Optimizing Performance

Hardware

  • Even though MapD is an “in-memory” database, when the database first starts up, it reads data from disk. A large database can take a long time to read from a slow hard disk. Import and execution performance rely on disks with high performance characteristics to match the general nature of the database. As a starting point, MapD recommends fast SSD drives on a good hardware controller in RAID 10 configuration. If you use a virtual machine such as Amazon Web Services, MapD recommends you use Provisioned IOPS SSD disks in RAID configuration for storage.
  • Do not run unnecessary daemons. Ideally, only MapD services run on your MapD server.
  • For a production server, set the performance setting to performance instead of power saving. The performance setting is typically controlled by the system BIOS and prevents throttling back of the CPU. You also have to change the settings in the Linux power governor setup.
  • A large amount of swap activity on the machine probably indicates a memory shortage. Compare the amount of data the database is attempting to process in memory to the amount of memory available.
  • Because some work is always done on the CPUs, speed is important. MapD recommends you use systems that balance a high core count with high CPU speed.
  • Use the nvidia-smi -pm and nvidia-smi -ac commands to set the clock speeds of the GPUs to their maximum. On an NVIDIA Tesla K80, the commands look like this:
sudo nvidia-smi -pm 1
sudo nvidia-smi -ac 3004,875
sudo nvidia-smi --ecc-config=0

Database Design

Review a representative sample of the data from which your table is to be created. This helps you determine the datatypes best suited to your columns. Where possible, place data into columns with the smallest representation that can fit the cardinality involved.

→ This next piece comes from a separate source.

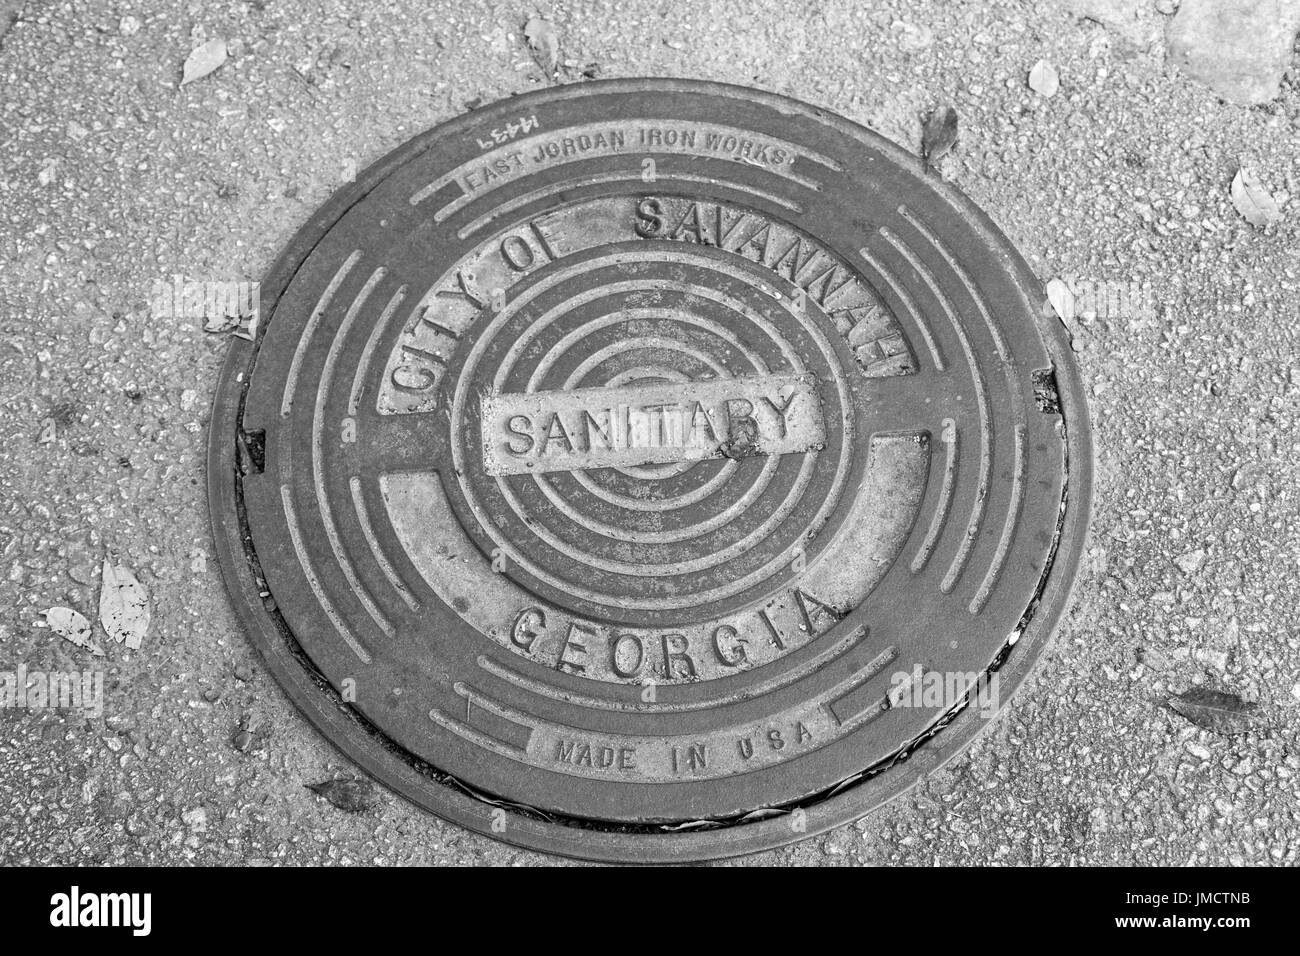 Savannah GA manhole cover - Stock Image

Look for these areas of potential optimization:

  • Can you apply fixed encoding to TIMESTAMP fields?
  • Can you apply fixed sizes to FIXED ENCODING DICT fields?
  • What kind of INTEGER is appropriate for the values involved?
  • Is DOUBLE required, or is FLOAT enough to store expected values?
  • Is ENCODING NONE set for high-cardinality TEXT fields?
  • Can the data be converted from its current form to a more denormalized form?

Using the smallest possible encoding speeds up all aspects of MapD, from initial load to query execution.

Loading Data

  • Loading large flat files of 100M or more is the most efficient way to import data to MapD.
  • Consider increasing the block sizes of StreamInserter or SQLImporter to reduce the overhead of records loaded or streamed.
  • If you use a particular column on a regular basis to restrict the queries to a table, load the table sorted on the data in that column. For example, if most queries have a DATE dimension, then load data in date order for best performance.

Preloading Data

On startup, you can load data from a standard list of queries. You can customize the queries for each analyst and load into memory the data they commonly use first.

Creating the Query List

Create a file with a code block for each user. The keyword USER must be uppercase. Provide the user name and database name, followed by a series of SQL query statements enclosed in curly braces.

USER user_name db_name {
query_a1;
query_a2;
...
query_aN;
}

Add code blocks for all users who benefit from pre-loaded data.

...
USER user_name_2 db_name_2 {
query_b1;
query_b2;
...
query_bN;
}

Example

This code preloads queries to the flights database for the user Ziegfried in a database named mapd:

USER Ziegfried mapd {
select count (*) from flights_2008_10k;
select * from flights_2008_10k limit 10;
select flight_year, flight_month, flight_dayofmonth, flight_dayofweek, deptime, crsdeptime from flights_2008_10k limit 10;
select plane_model, plane_status, plane_aircraft_type, plane_engine_type, plane_year, origin_name, origin_city, origin_state, origin_country,
origin_lat, origin_lon, dest_name from flights_2008_10k limit 10;
}

Loading Data Using the Query List

These are the steps to load the default queries on startup:

  1. Create your query list file and store it on your MapD server.
  2. If necessary, stop your MapD server.
  3. Restart your server with the following option:

    start_mapd_server --db-query-list <path-to-db-query-file>

On startup, your queries are loaded automatically, speeding up query results you defined for your users.

Parallel GPUs

Parsing, optimization, and parts of rendering can overlap between queries, but most of the execution occurs single file. In general, you get the most throughput on the GPU by letting a query have all the resources. Contention is not a concern for buffer or cache memory. If queries are done very quickly, you get low latency, even with many simultaneous queries.

For simple queries on relatively small datasets, consider executing queries on subsets of GPUs. Different GPU groups can execute at the same time. This configuration benefits from parallelizing “fixed overheads” on each query between MapD servers on the same node.

You can implement this behavior by running multiple MapD servers on the same node and mapping each to different sets of GPUs with the --start-gpu and --num-gpus flags (see Configuration file).